“She put a fish in your closet?” I ask incredulously.
“In all our closets. I’ve tossed mine in the trash and scrubbed the shelf it was on with every fucking cleaning product in this place, but the smell is still lingering. I think it’s in the fibers of my clothes.”
“Oh, hell no,” I say, starting to jog up the stairs. The smell gets worse with every step I take, forming a foul crescendo in the upstairs hallway. All I can think about are my expensive suits that are all dry-clean only. It’ll cost me a fortune to rid them of the smell.
When I open the door to my room, the odor takes my breath away. I put my arm over my nose, heading straight for the closet. I don’t see the fish immediately, but when I do, I gag. It’s not just a fillet of salmon. It’s a whole fish with a head, eyes, fins, and scales. It looks at me with an accusing stare. Why the hell have you pissed off a woman enough that she’s wasted me in revenge?
I grit my teeth, heading back into my room to find something I can bag it up in for disposal, and while I do, I swear and grumble, cursing my brother and his stupid vengeful attitude. I hope Cora left him a whole fucking school of stinky fish because I don’t deserve this.
As I wrap the fish in a plastic grocery bag, noise echoes from downstairs and footsteps begin to thud closer. Expecting it to be the rest of my brothers, I stick my head into the hallway. My mouth is open when I find Cora, flanked by five friends, holding their noses, and staring at me.
“You know, you guys really need to clean this house,” Cora says, screwing up her face. “Even frat houses never smelled this bad.”
There’s a ripple of laughter behind her as she uses a key to unlock the master suite. “Don’t worry, guys. My room smells great, and I have candles to burn off any smell that spreads.”
A girl with curly black hair stares at the bag in my hand with wide eyes. There’s a guy with Cora who looks like Travis Barker’s younger better-looking brother, and two girls who look like they were cheerleaders at college.
I’m too shocked at Cora’s bravado to say anything before they disappear into her room and close the door behind them.
By the time Alden, Danny, and Tobias have removed all the offending fish and cleaned and aired their rooms we’re all starving and sworn off fish for life. Alden orders Chinese food, and we gather in the kitchen to regroup. “I can still smell it,” Tobias grumbles. He brings the bare skin of his forearm to his nose and inhales. “I swear the smell has gotten into my skin.”
Danny leans forward to sniff the general area around Tobias. “I don’t smell anything, Tobe. I think it’s all in your head.”
“It’s not.
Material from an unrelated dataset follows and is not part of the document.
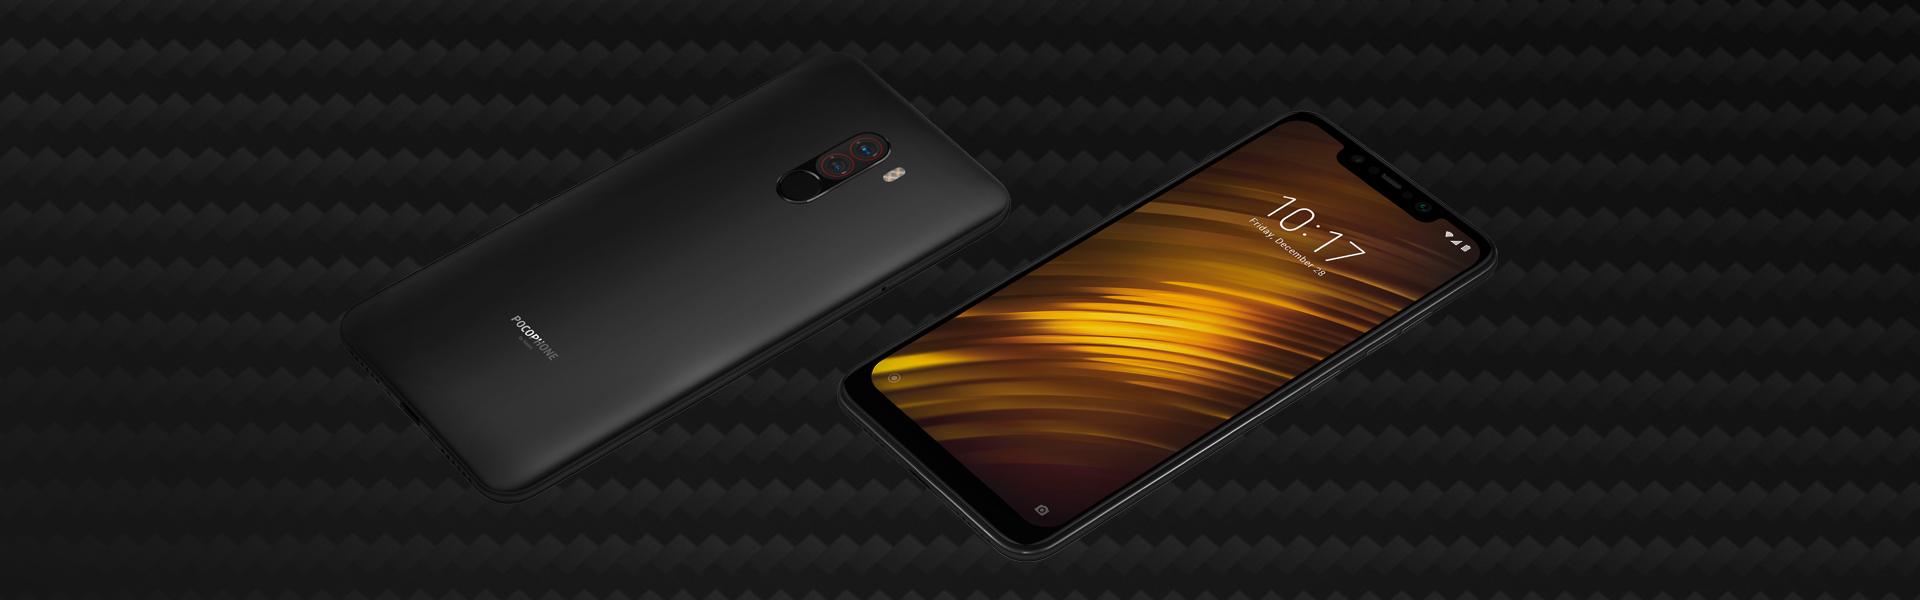 Xiaomi Poco F1 Resmi Meluncur, Ponsel Snapdragon 845 Termurah

I swear.”
“She got us good.” River shakes his head and then chuckles darkly. “I reckon Danny’s cursing the day he started this fucking vendetta shit.”
“No fucking way!” Danny shouts. “Where’s the fun in pranking someone who’s just going to cry about it? Cora is proving herself to be a very worthy adversary.” He says the last part in a faux British accent, and I roll my eyes at my brother’s stupidity. I swear he needs to find a good woman who will keep him on the straight and narrow. Left to his own devices, he’s a wild animal with the sense of a gnat.
“You’re intending to keep this going?” I ask, already knowing the answer.
“Hell yeah. She’s not going to get away with any of it. If she wants to up the ante, we will too.”
“When you say ‘we,’ are you including me in your ridiculous game?”
“Of course,” Danny says. “If you’re not for us, you’re against us. Do you want to be against us, Mark?”
Before I get a chance to answer, the doorbell chimes, signaling the takeout’s arrival, and feet begin to thunder down the stairs. Danny is up and out of his seat like a sprinter, already anticipating that Cora might try to steal the food before we get a chance to eat it. I follow, worrying that I will need to step between them if things get heated. I know my brother would never be physically aggressive towards a woman, but he has a sharp tongue, and this whole thing is escalating out of control. In the hallway, we all gather, and a staring standoff begins. Eventually, I open the front door to find a delivery driver with what looks like enough food and drink to feed the five thousand.
It’s not Chinese food.
“Delivery for Cora,” the delivery driver says, reaching out to hand me a bag filled with bottles and cans.